**** Input for this task

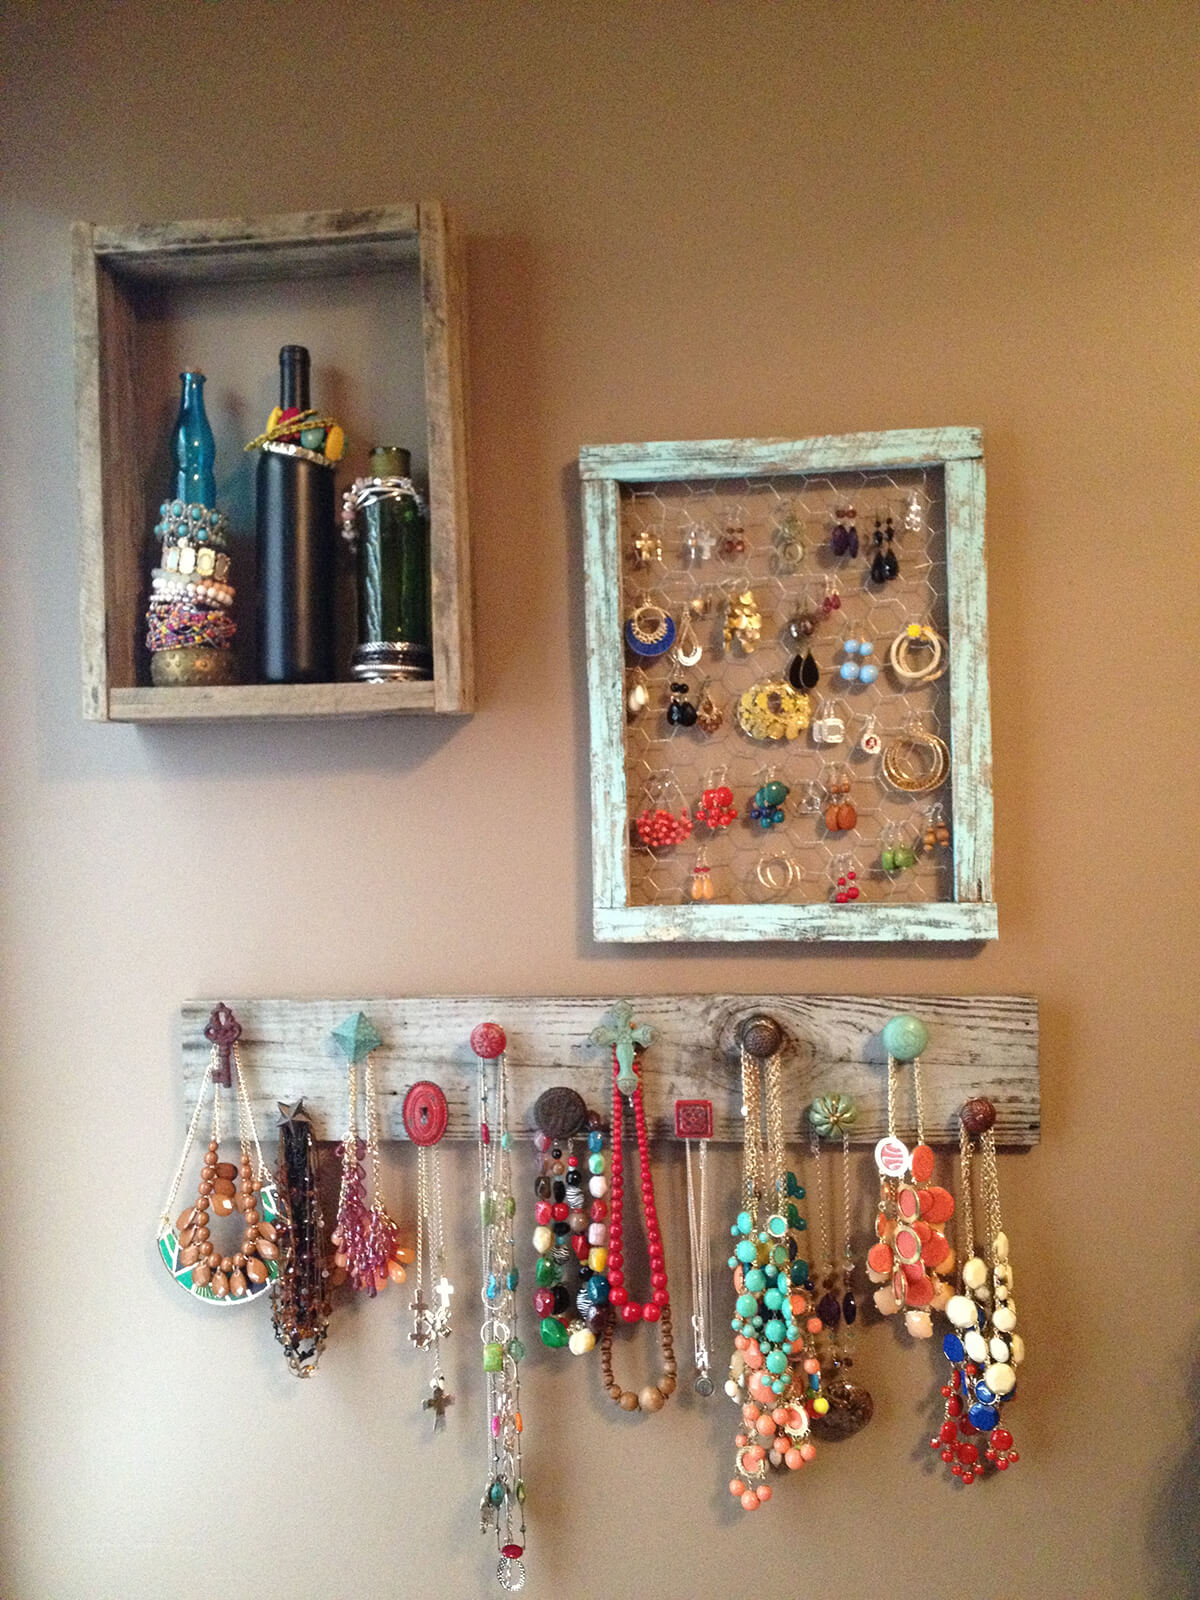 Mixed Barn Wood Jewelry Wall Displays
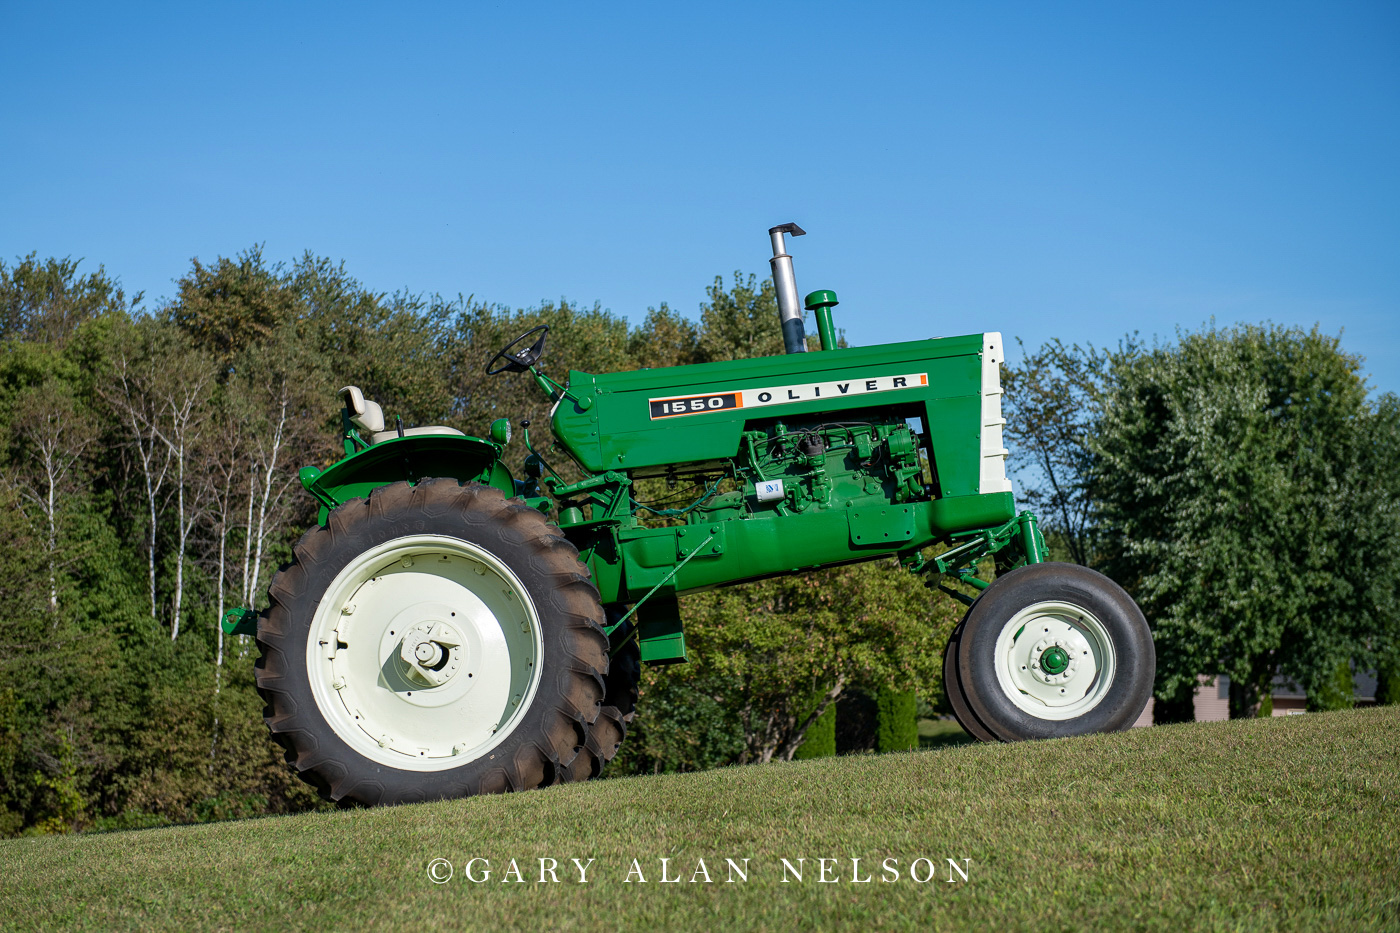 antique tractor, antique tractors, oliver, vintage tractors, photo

********
**** Input for this task

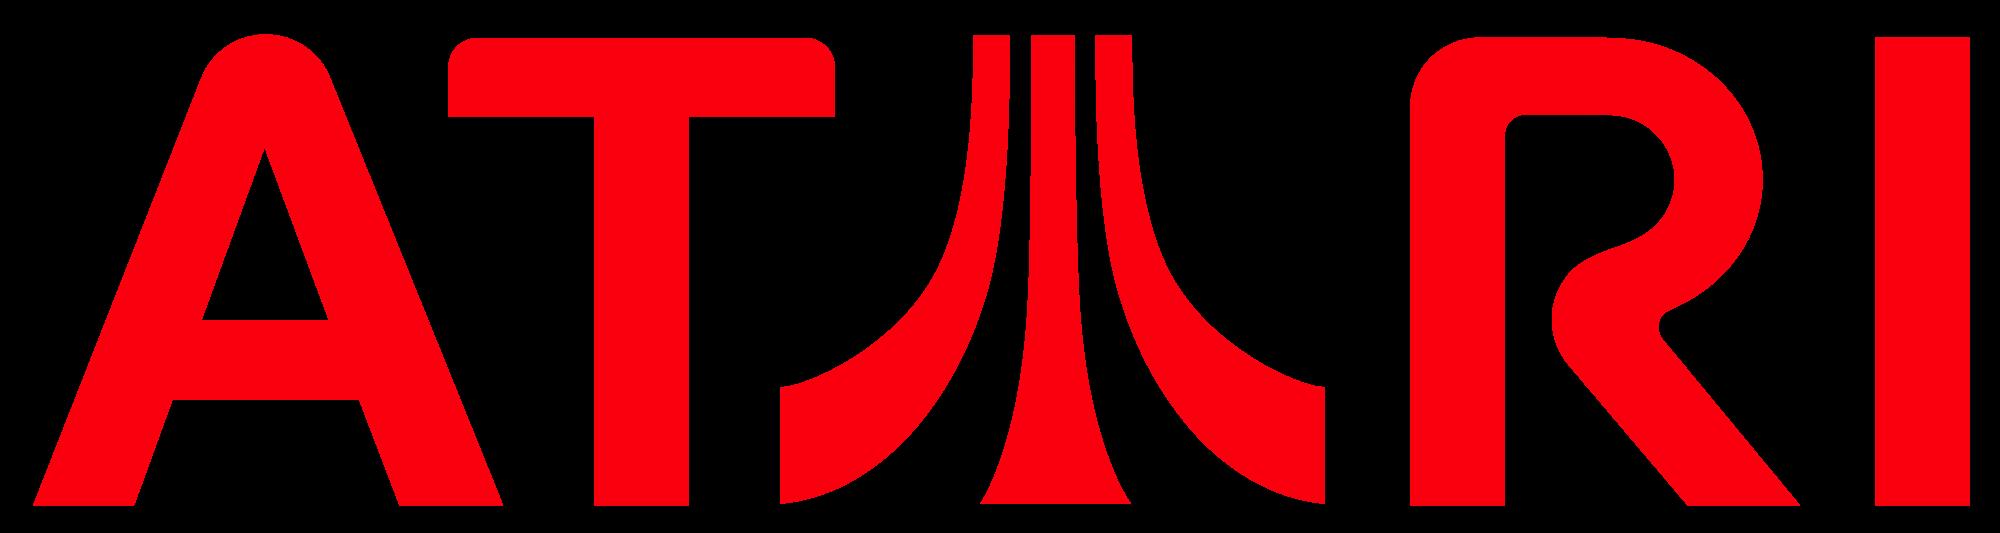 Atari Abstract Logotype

********
**** Input for this task

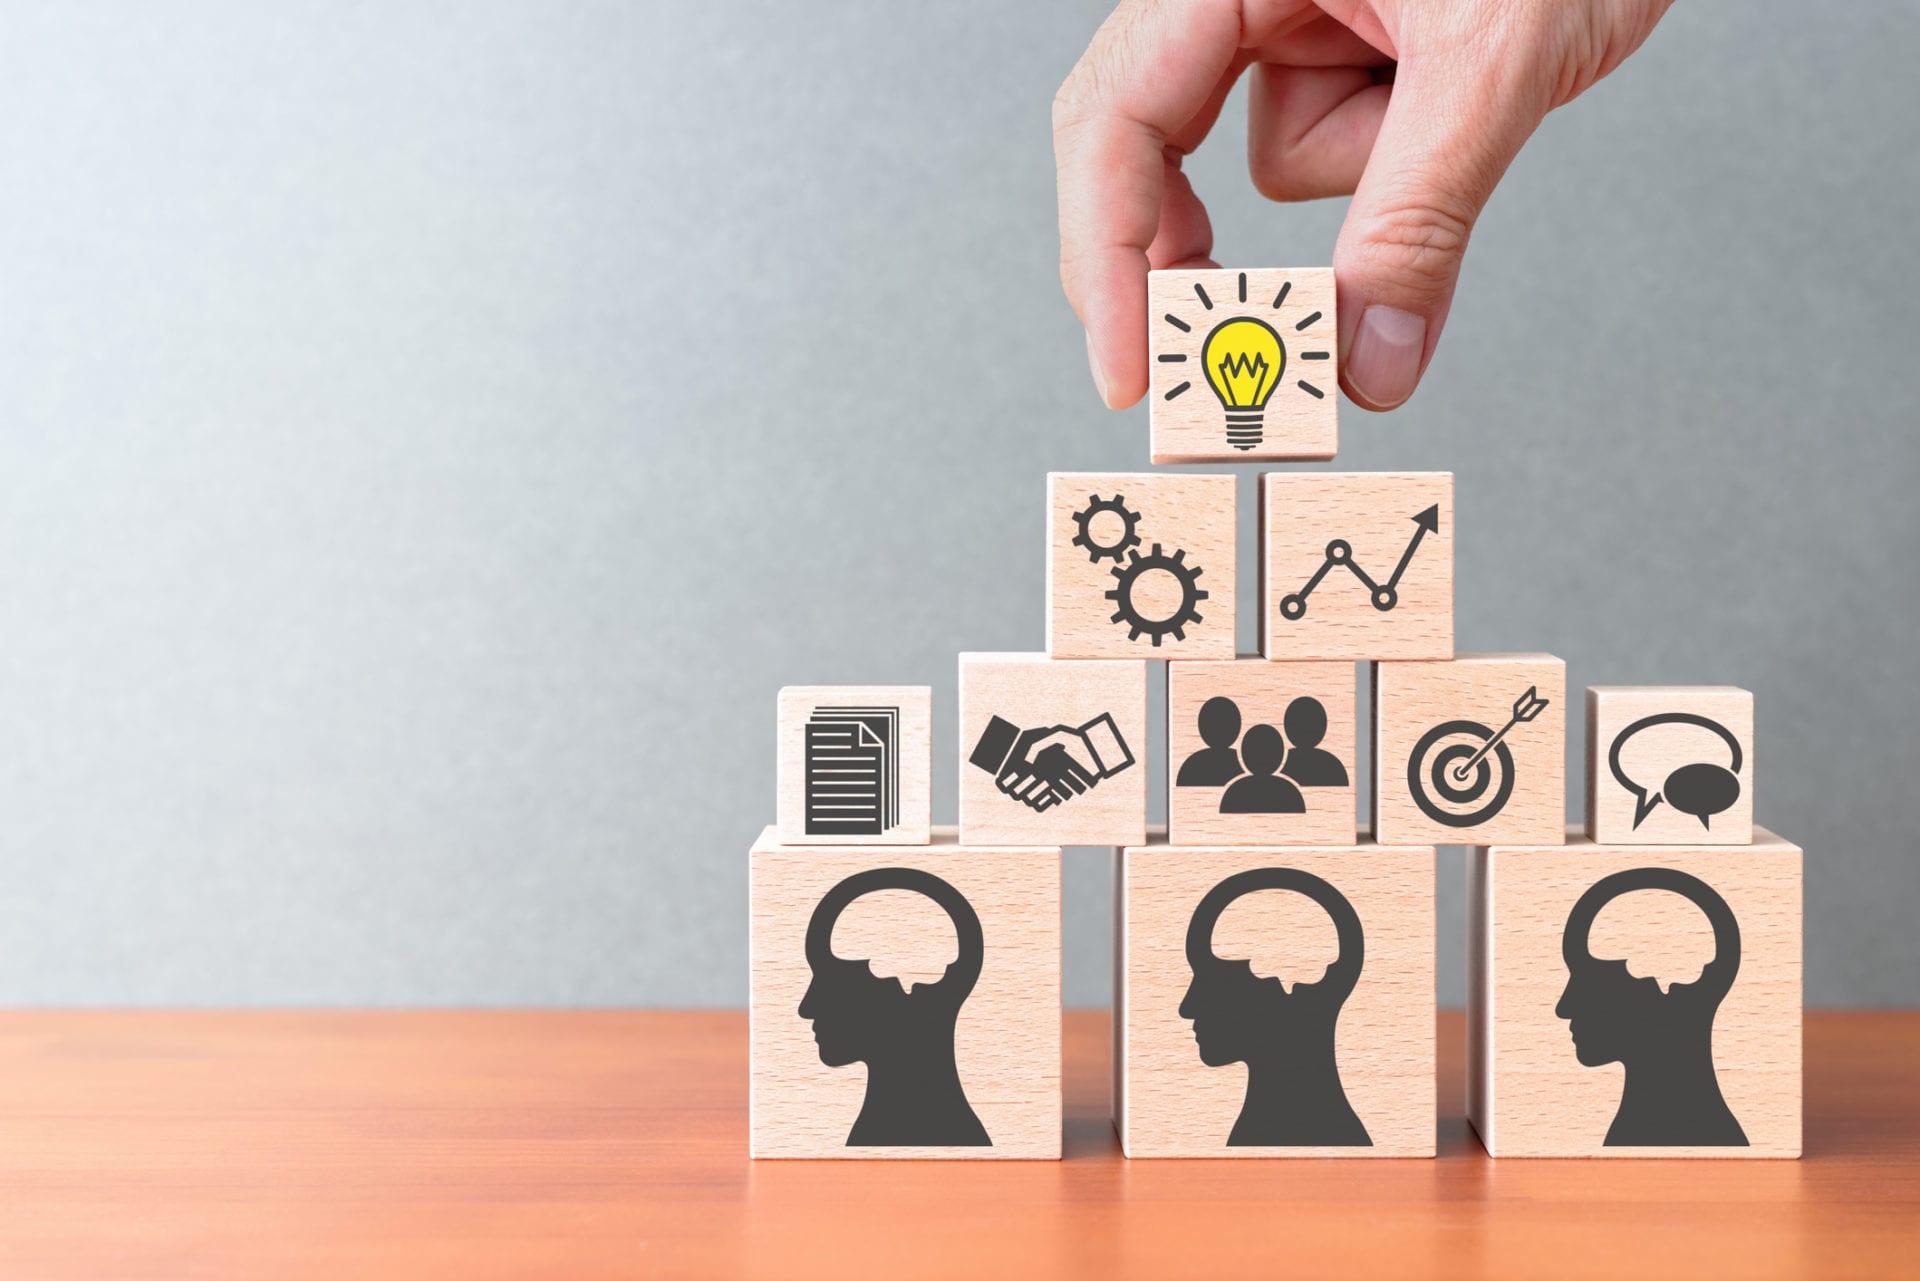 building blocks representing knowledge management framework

********

#### [Task]
Would you print exactly the lines in the listing above, from the line bearing "Mixed Barn Wood Jewelry Wall Displays" through the line bearing "antique tractor, antique", leaving out all pictures?

#### [Exercise response]
 Mixed Barn Wood Jewelry Wall Displays
 antique tractor, antique tractors, oliver, vintage tractors, photo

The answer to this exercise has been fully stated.